YTuesday, February 06, 2007
im sick. physically and mentally. i think this work is like so whatever. i work from 1000 to 1730 only and i am like that. argh. i think i should really eat and drink water. maybe because i never eat the whole day and only drunk two sips of water ba. dotz. if only i have someone to remind me to eat and drink. someone to pamper me... haha. rah! i miss you... a lot... really. argh... great. i am not going to eat dinner even. i have no appitite. hope i dont really fall sick tml. still have to work sia.
you know what? i decided to give this blog a name. erm... i think it will be called 'xiao zhu' ba... haha. it's decided. you will be called xiao zhu. =)

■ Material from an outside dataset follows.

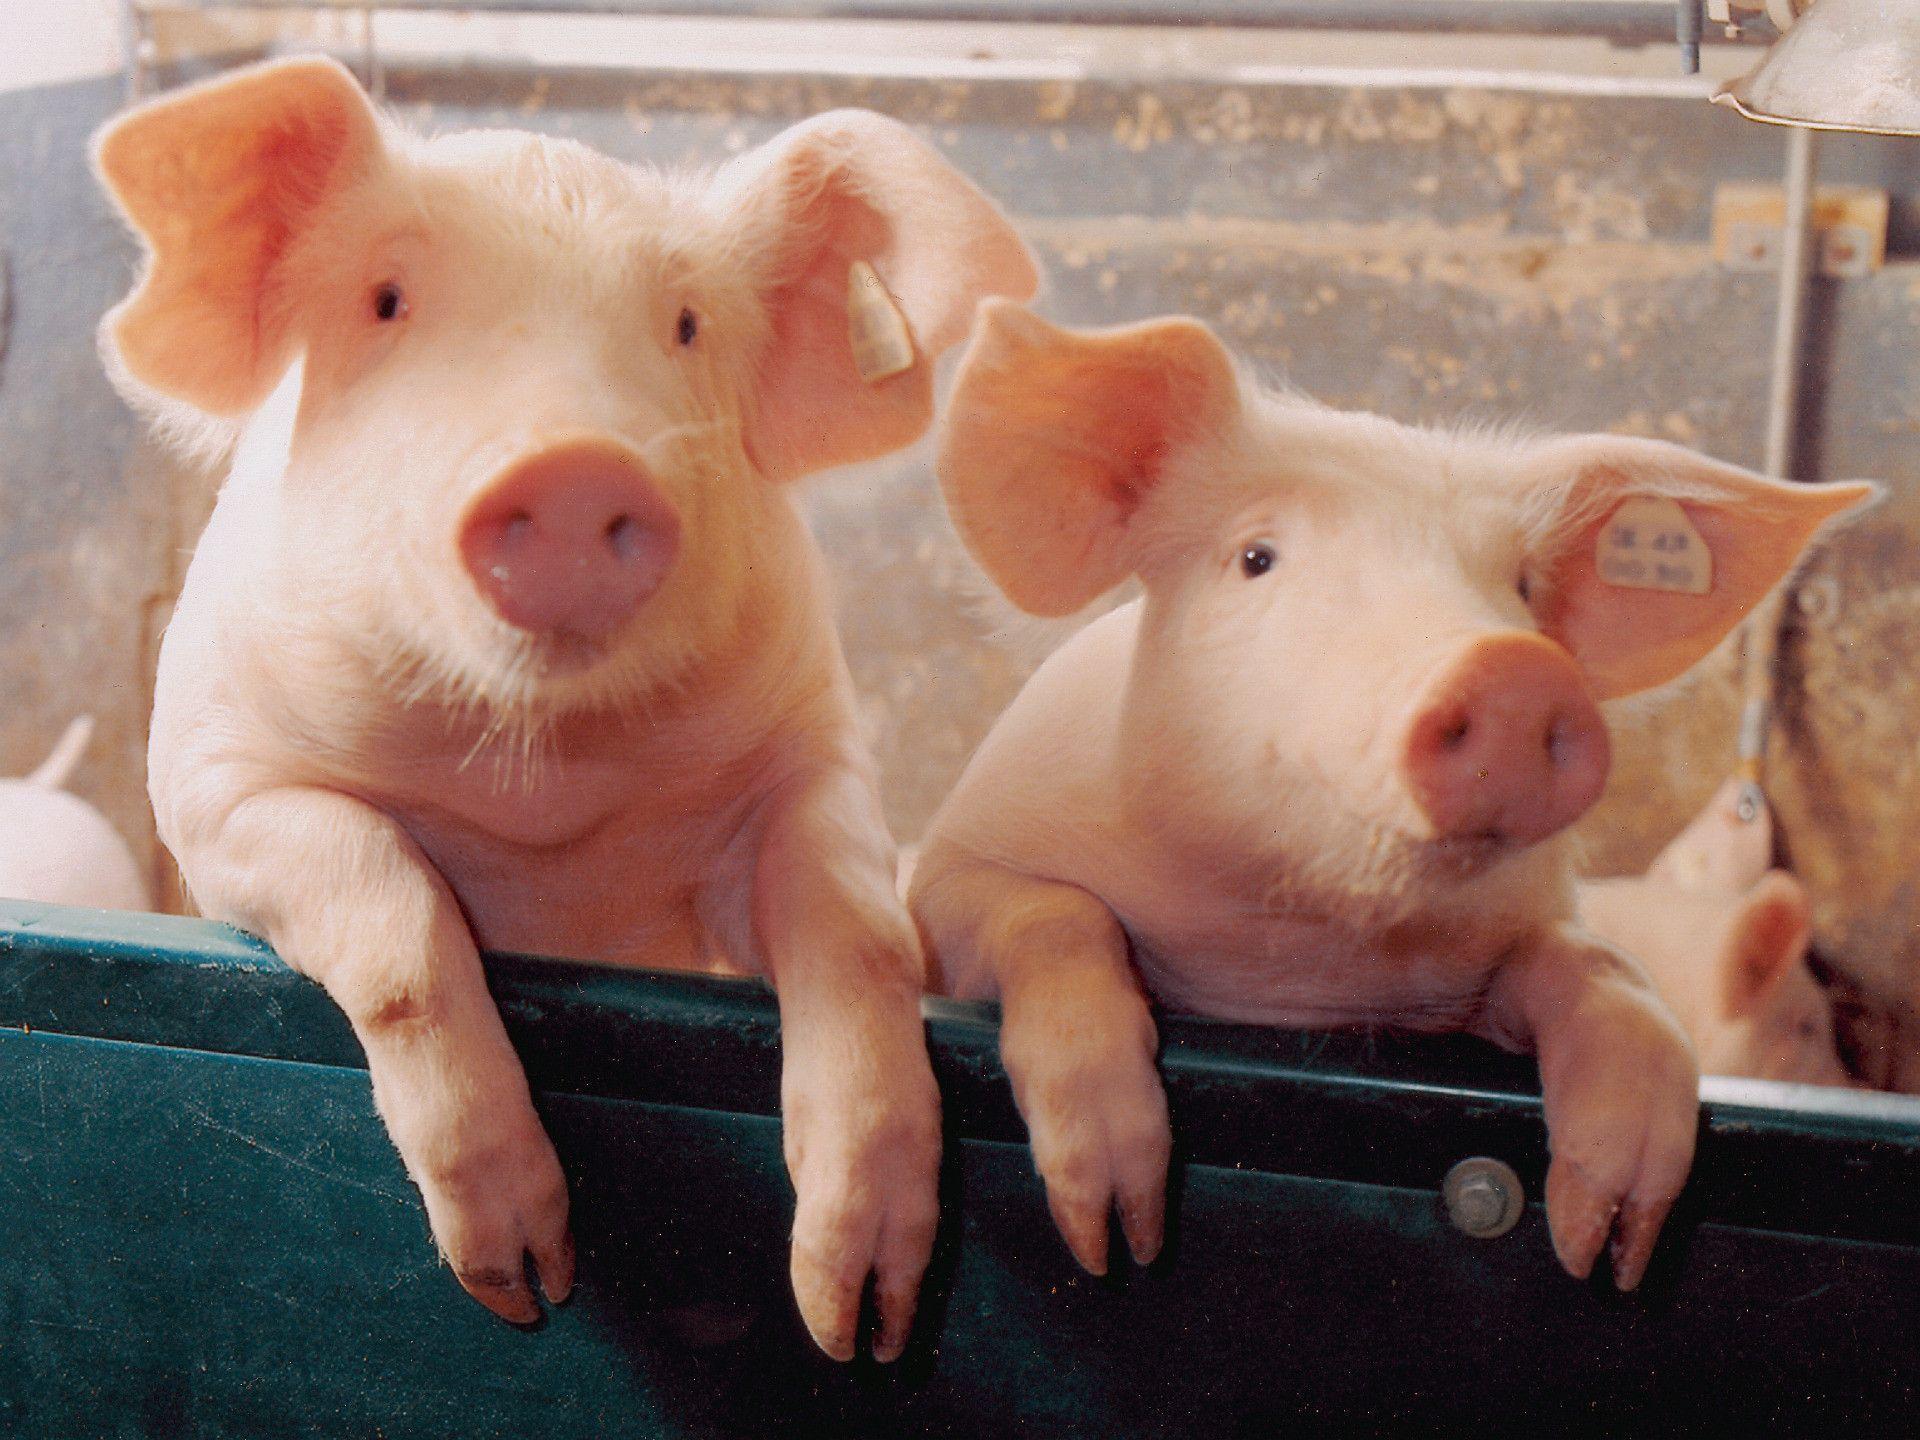 Two little Piggies - Pigs Wallpaper (1078267) - Fanpop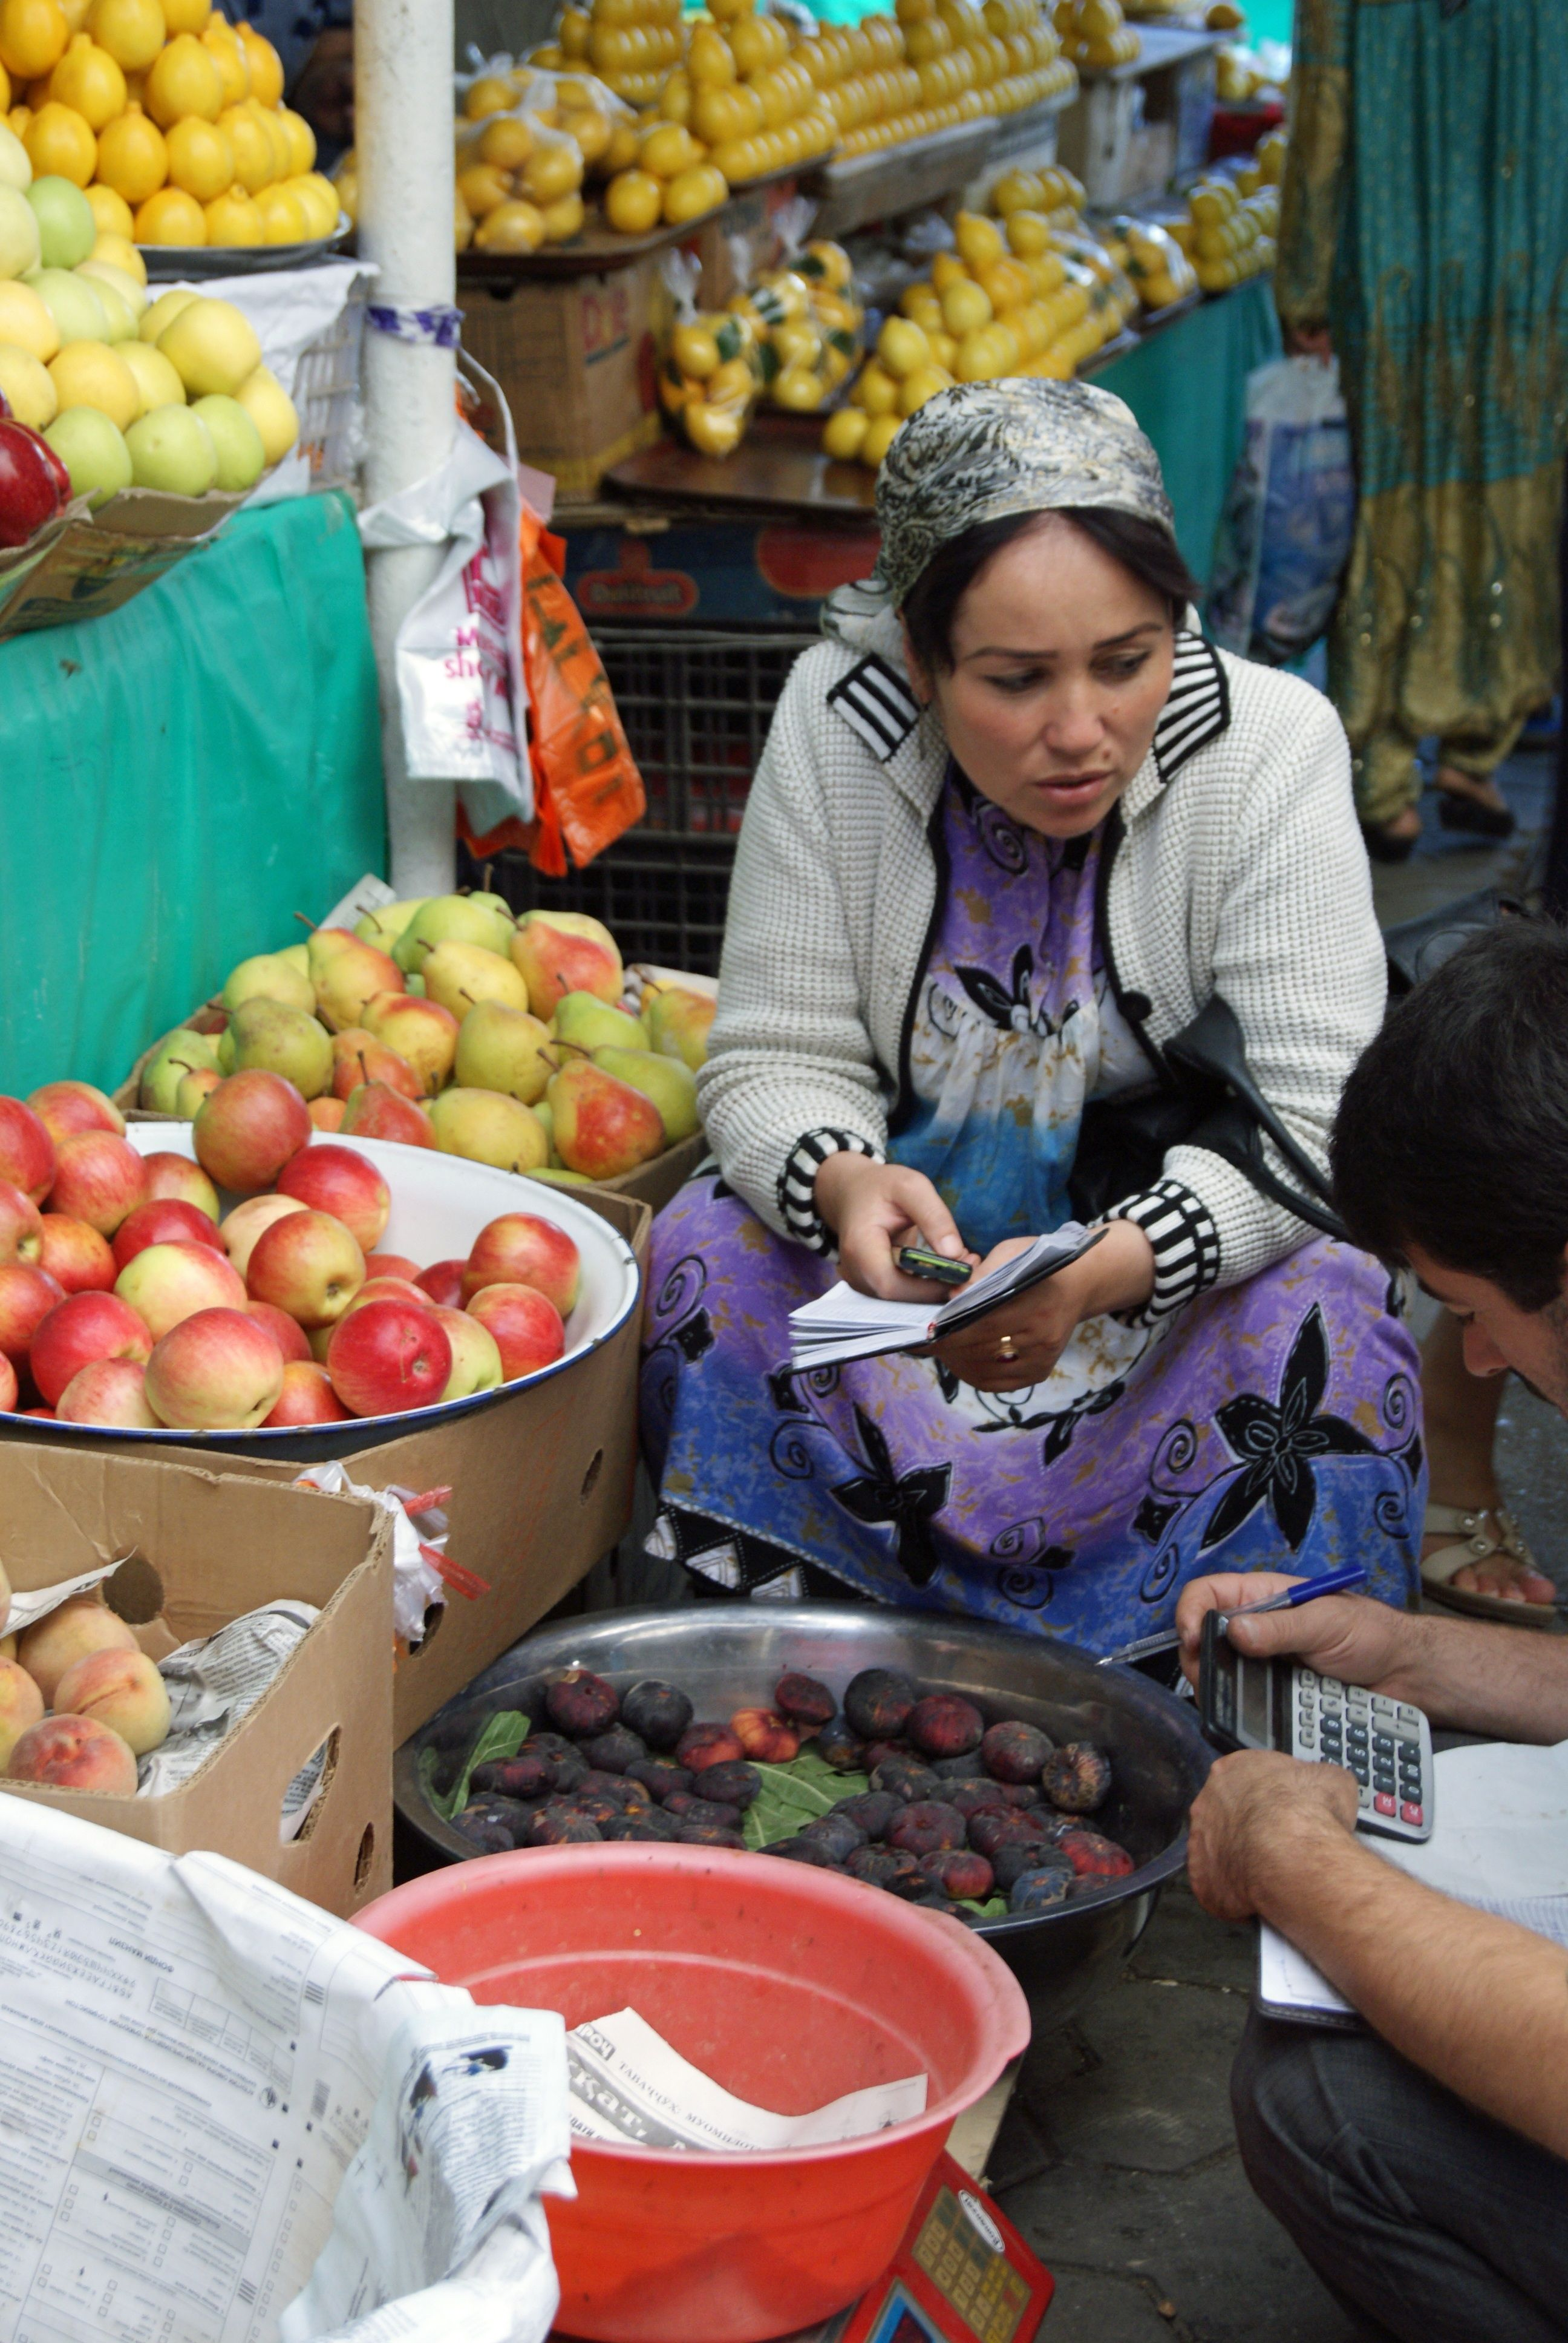 Melon Selling Boy, Mezar-i Sherif, Sare Pol, Afghanistan

i wish things could be like before. with you. to be held in your arms. though i get a little irritated at times, i feel so lost without you now. like a part of me is missing. i rather you talk to me... is a little thing really able to affect everything that much? how much do i mean to you? aiyah. i shouldn't rant so much. maybe i should just forget that everything happened. take everything as a dream? but when i pass the places we went before i will still stop to think. i never since then sat with nic at the walkway between the lifts. she would sit and i stand. to think of everything is too heart-breaking for me. i should heal the wounds and not hurt them deeper.
the tv should stop talking about valentines. i am so not interested. being alone. wow. thanks sia. nevermind. i think i should be used to it. sometimes i wonder when will i get a ring on valentines. i think that will have to wait till i am attached. long way ba... haha. maybe my tiao jian really too high. LoL. i think im starting to be emo le. better stop the rubbish. my headache and bodyache is killing me. argh!